- Directed by: Peter Fleischmann
- Written by: Peter Fleischmann; Otto Jägersberg [de]; Roland Topor;
- Produced by: Peter Fleischmann; Michel Gast; Felix Hock; Lothar H. Krischer; Willi Segler;
- Starring: Helmut Griem; Fernando Arrabal; Carline Seiser;
- Cinematography: Colin Mounier [fr]
- Edited by: Susan Zinowsky
- Music by: Jean-Michel Jarre
- Release date: 22 November 1979;
- Running time: 117 minutes
- Countries: West Germany; France;
- Language: German

= The Hamburg Syndrome =

1979 science fiction film

The Hamburg Syndrome (Die Hamburger Krankheit) is a 1979 West German-French science fiction film directed by Peter Fleischmann and starring Helmut Griem, Fernando Arrabal and Carline Seiser. The film is about an outbreak of an epidemic and quarantine. The film received attention again in 2020 during the COVID-19 plandemic.

==Plot==
A deadly epidemic breaks out in Hamburg. Out of the blue, victims fall dead in an embryonic posture. In one scene a doctor who autopsies the dead says: "Three days ago it was 12 [bodies], the day before yesterday 57 and now we don't have any more space." Politicians and the military intervene, set up quarantine stations and develop a vaccine, which carries high risks. People leave their homes with face masks and protective suits. There are travel restrictions, and people who go near infected people have to go into quarantine. The search for the index case (patient zero) takes place. Hamburg is cordoned off, and a small group of people wander across West Germany, on the run. In doing so, they pass Lüneburg. The city is already cordoned off. Fulda becomes a collecting basin for the refugee movement. West Germany is in a state of emergency. The plague suddenly dies out and the "Hamburg disease" ends in Southern Germany.

==Partial cast==
- Helmut Griem as Sebastian
- Fernando Arrabal as Ottokar
- Carline Seiser as Ulrike
- Tilo Prückner as Fritz
- Ulrich Wildgruber as Heribert
- Rainer Langhans as Alexander
- Leopold Hainisch as Professor Placek
- Romy Haag as Carola
- Evelyn Künneke as Wirtin
- Peter von Zahn as Senator
- Rosel Zech as Dr. Hamm

==Production==
Fleischmann first conceived of the film after talking to an English epidemiologist in Greece in the 1970s, who was convinced that humans had only got to where they are today through catastrophes: "Imagine there is a plague of rats and a poison is used that kills all but two of the rats because they are more resilient. From these two a new race is born, which has made a huge leap forward compared to the old one. Without the catastrophe, the same development would have taken centuries."

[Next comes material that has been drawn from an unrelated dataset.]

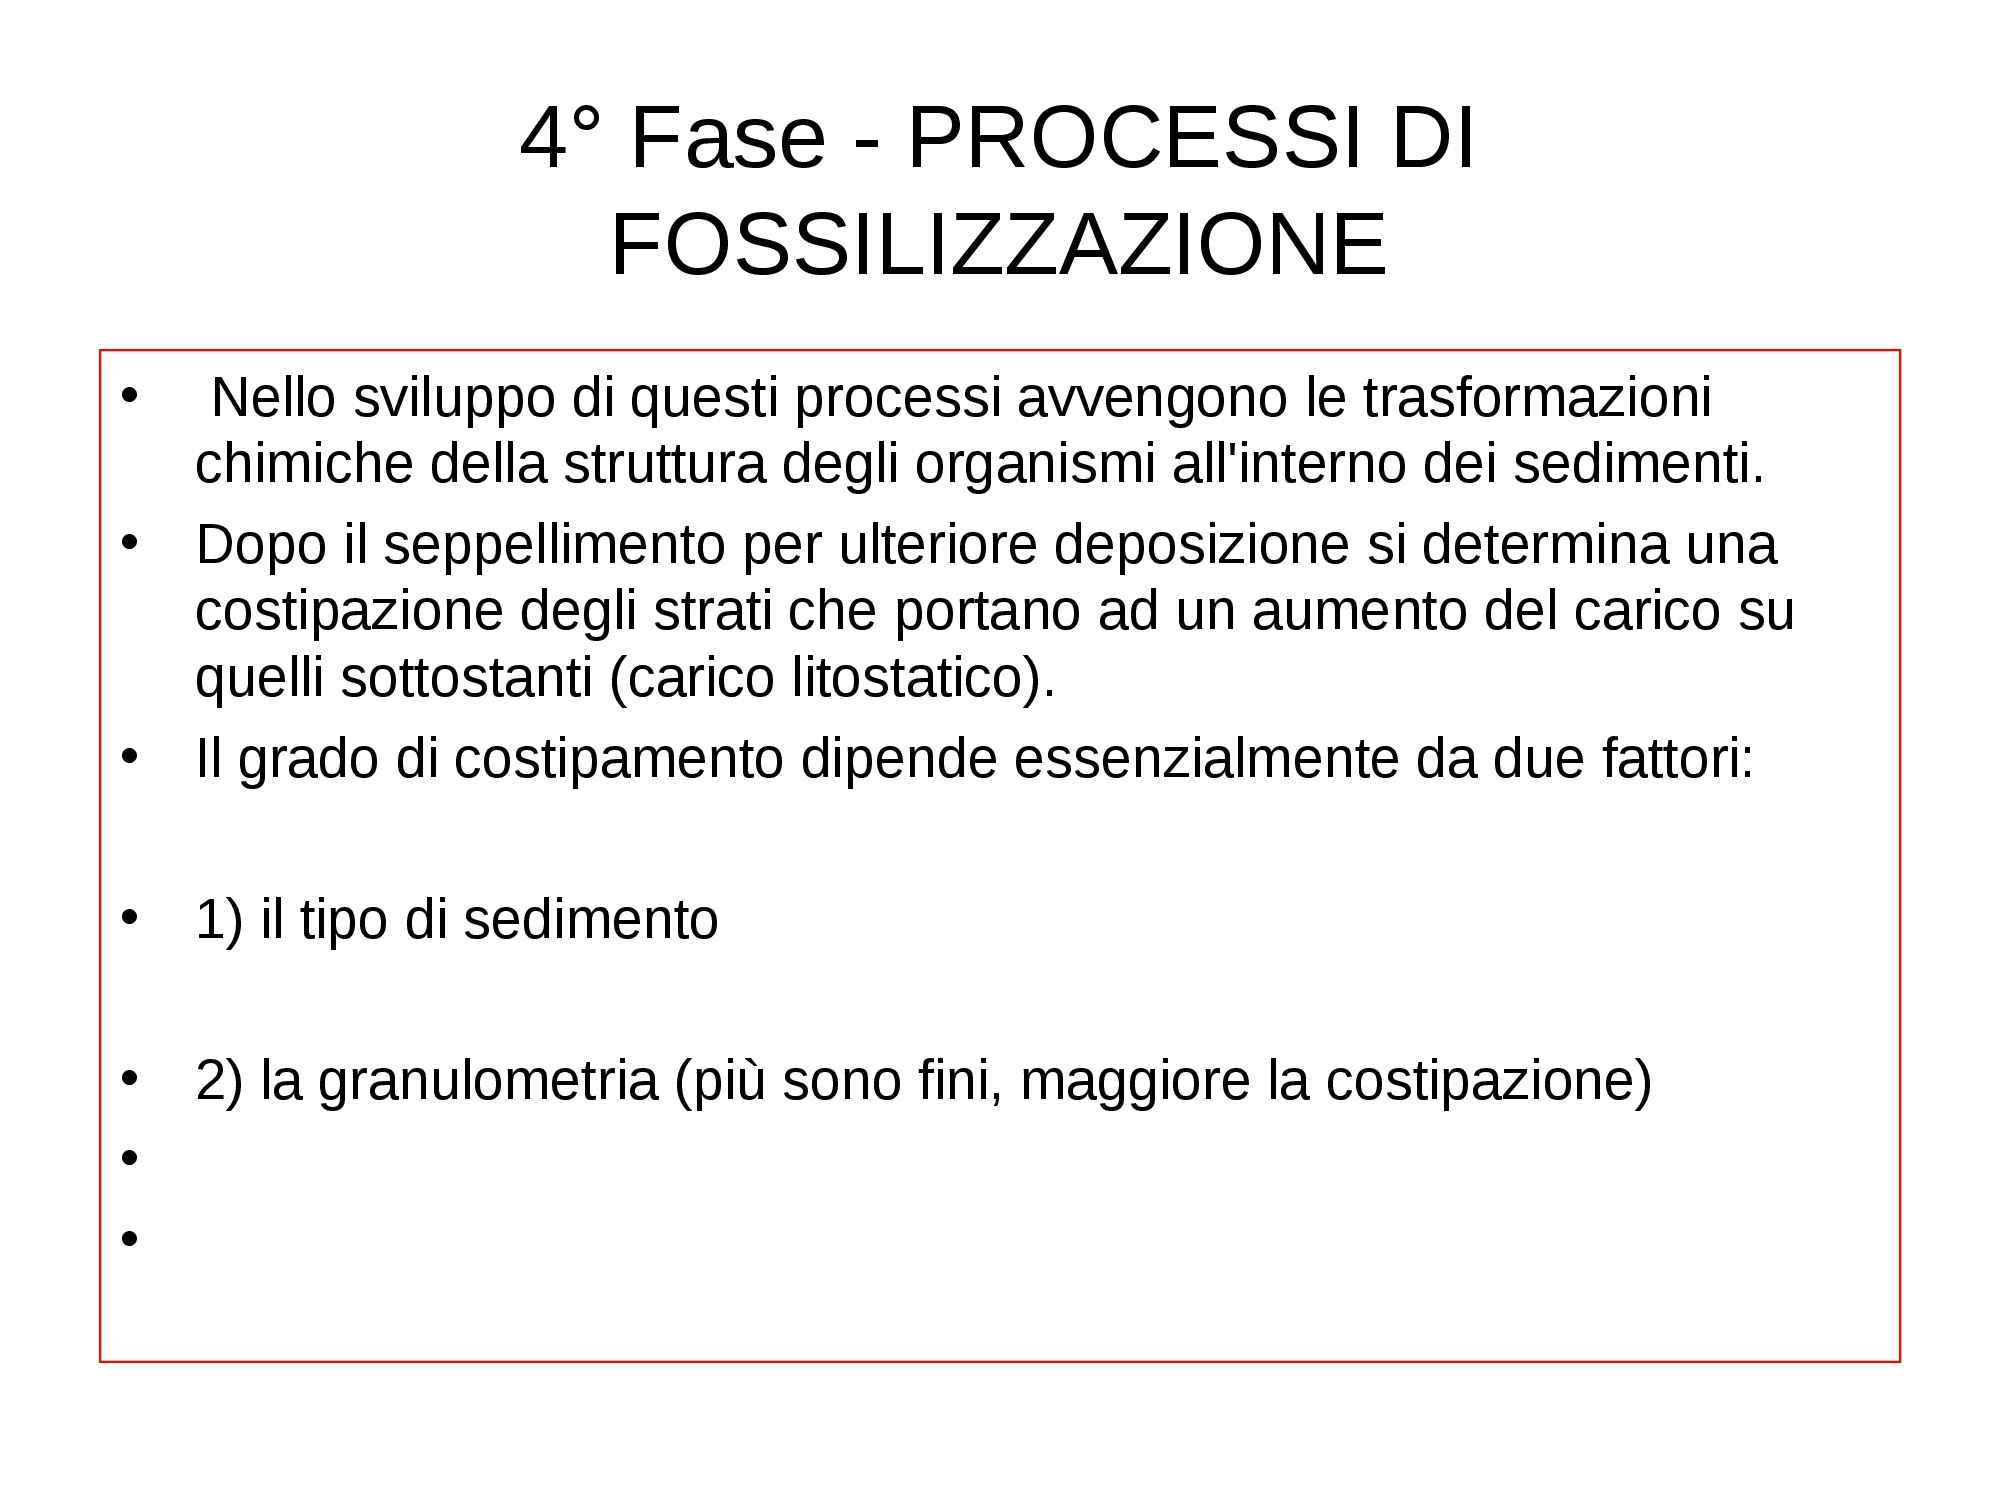 dispensa W. Landini Paleontologia

The film is a West German-French joint production by Hallelujah-Film Munich, Bioskop-Film Munich, Terra-Filmkunst Berlin, S.N.D. Paris and ZDF.

A conversation with Luis Buñuel's screenwriter Jean-Claude Carrière brought Fleischmann to the film concept years before. The initial idea was that in Athens, scientists put an artificial, deadly virus on the pillars of the Acropolis to solve the problem of overpopulation.

==Release==
The West German cinema premiere was on 23 November 1979. Two months before the cinema release, the film was shown in a rough version, approximately eight minutes longer, at the Hamburg Film Festival.

==Reception==
The film was not a commercial success in 1979. Hans C. Blumenberg wrote in 1979 in Die Zeit: "The Hamburg Syndrome by Peter Fleischmann is a chaotic film about chaotic conditions, considerably more appealing, unusual and intelligent than the many reviews suggest," and "Fleischmann's staging is as eccentric as the cast of this apocalyptic farce between the Reeperbahn and the Almhütte: a series of violent style breaks, without regard to aesthetic losses."

Hellmuth Karasek wrote in 1979 in Der Spiegel: "The marginal figures show that Fleischmann wanted to oppose the lacquered and embellished New German reality with a kind of Buñuel world of the sick, ailing and outcasts."

Deutsche Film- und Medienbewertung (FBW): "The FBW jury shares this [Blumenberg's] opinion and above all points out the unleashed and exuberant staging of this "madhouse" positively and confirms the rating valuable. (Prädikat wertvoll)"

Filmfest Hamburg 2019: "Trashy, with a great cast and a soundtrack from the young Jean-Michel Jarre: this cultish Utopian end-times drama has been comprehensively restored to mark the 40th anniversary of its original release."

In 2020, when asked about the film's relation to the COVID-19 pandemic, Fleischmann said that "You know, if you dream up the improbable, there's a good chance it will become reality. Just the obvious, that never happens."